Former CEO: Claims over data are untrue

Lawyers for a businessman accused of threatening to publicly divulge the names, addresses, and bank details of Vodafone customers unless paid €135,000, told the High Court yesterday the allegation was “untrue and outrageous”.
Former CEO: Claims over data are untrue

Barrister Declan Murphy said the claim, made by a consultancy marketing firm against its former chief executive, Seán McGrath, was one of extortion and had been publicised in a newspaper as blackmail.

He said Mr McGrath had complied with interim court orders restraining any publication of details and would later seek to have the court orders discharged on the grounds of falsehood.

He told Ms Justice Miriam O’Regan his client had no confidential information of the kind suggested. Mr McGrath had been traduced and wished to set out the background of the parting of the ways with his former company Madcalm Ltd, Monksland, Athlone, Co Roscommon.

Brian Conroy, counsel for Madcalm, said interim orders had been granted earlier in the week and he would be seeking an interlocutory injunction.

At Monday’s ex-parte hearing it was alleged Mr McGrath, the former CEO of Madcalm, had threatened to publicly divulge names, addresses, and bank details of Vodafone customers.

It was alleged that during a conversation with Madcalm director Ryan Baird, he had valued, on his leaving the company, his worth at €200,000 but had received only €65,000 under an exit agreement and wanted the remaining €135,000.

Baird told the court McGrath had said to him: “You don’t want to fuck with me on this. If you don’t pay me the money I will fuck you guys and if you try to go to anyone else about this I will fuck you.”

Mr Murphy, who appeared with Dylan Macauley Solicitors, said his client was stated to have shown Mr Baird a picture on his phone depicting computer details he allegedly held and threatened to divulge.
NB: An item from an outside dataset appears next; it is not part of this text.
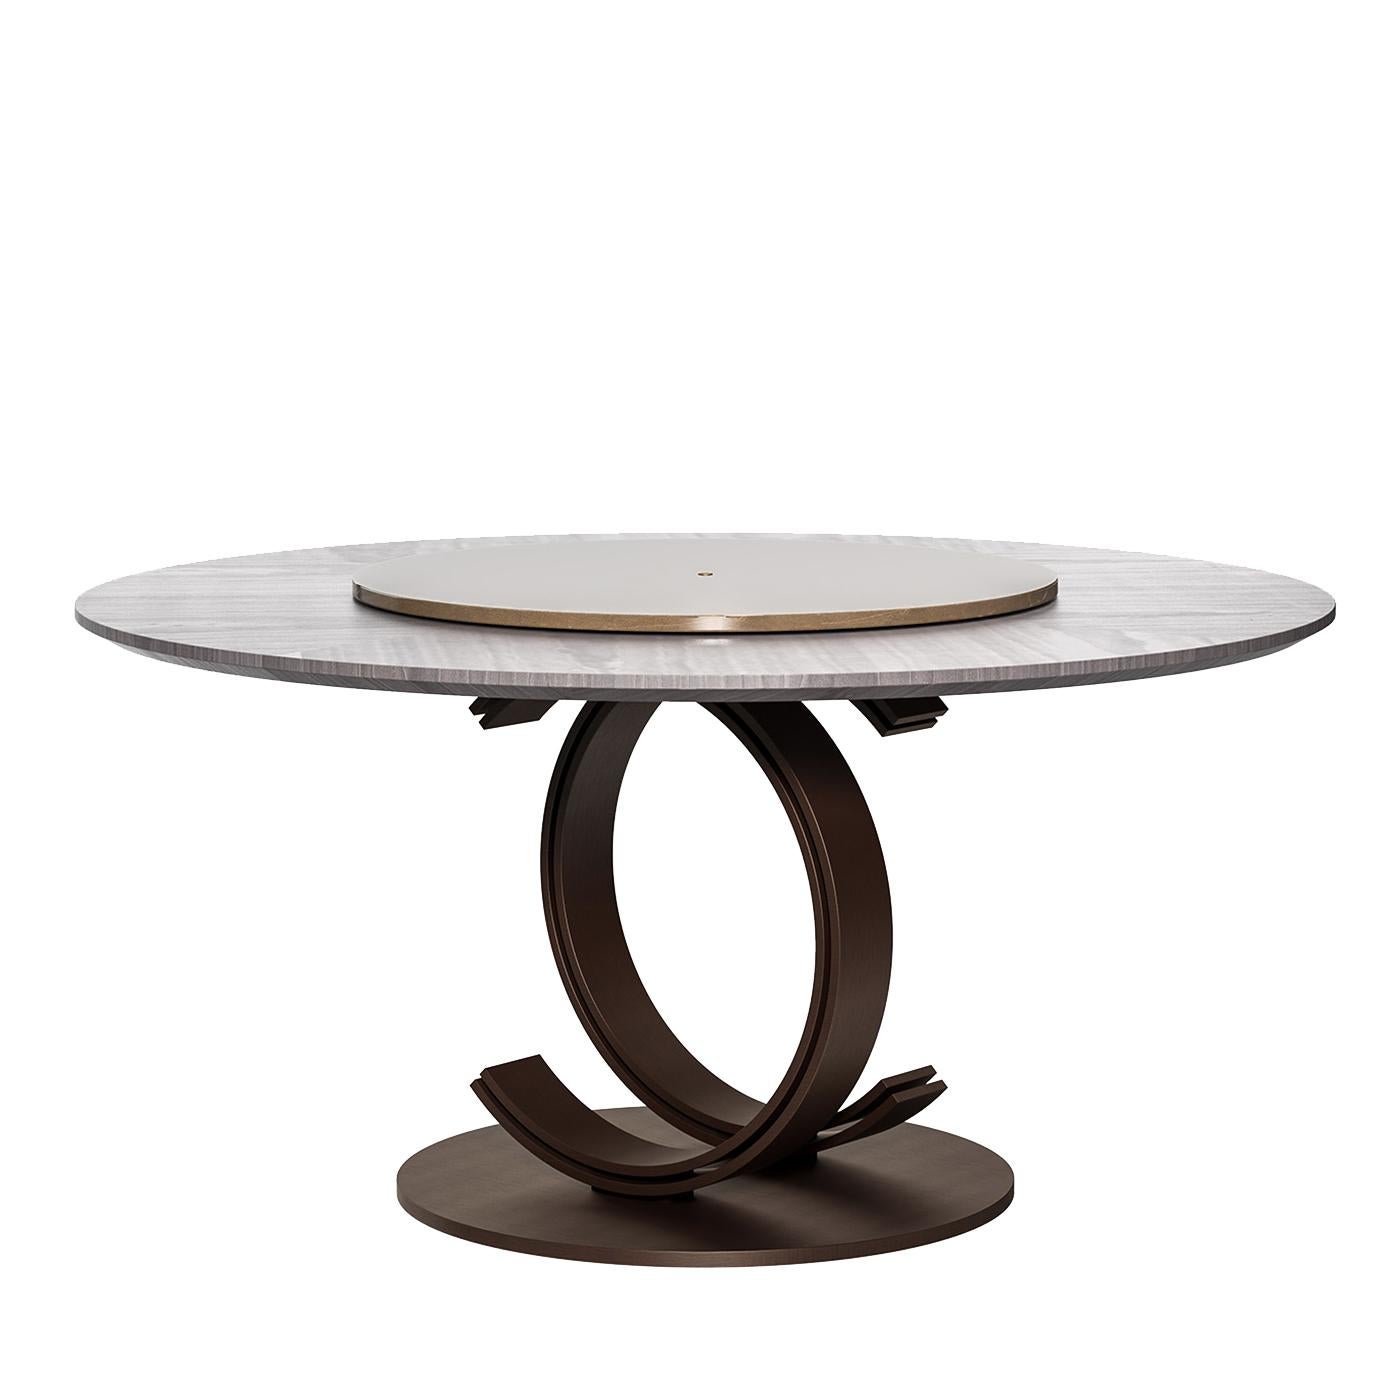 built in lazy susan table

Judge O’Regan said that as she understood matters, Mr McGrath was stating he had no confidential information belonging to the company.

Mr Murphy said Mr McGrath was prepared to make his phone available for analysis by a suitably expert firm.

The proceedings were adjourned to the first week of the new law term to allow Mr McGrath swear an affidavit setting out his evidence with time for Madcalm director Ryan Baird to provide a replying affidavit.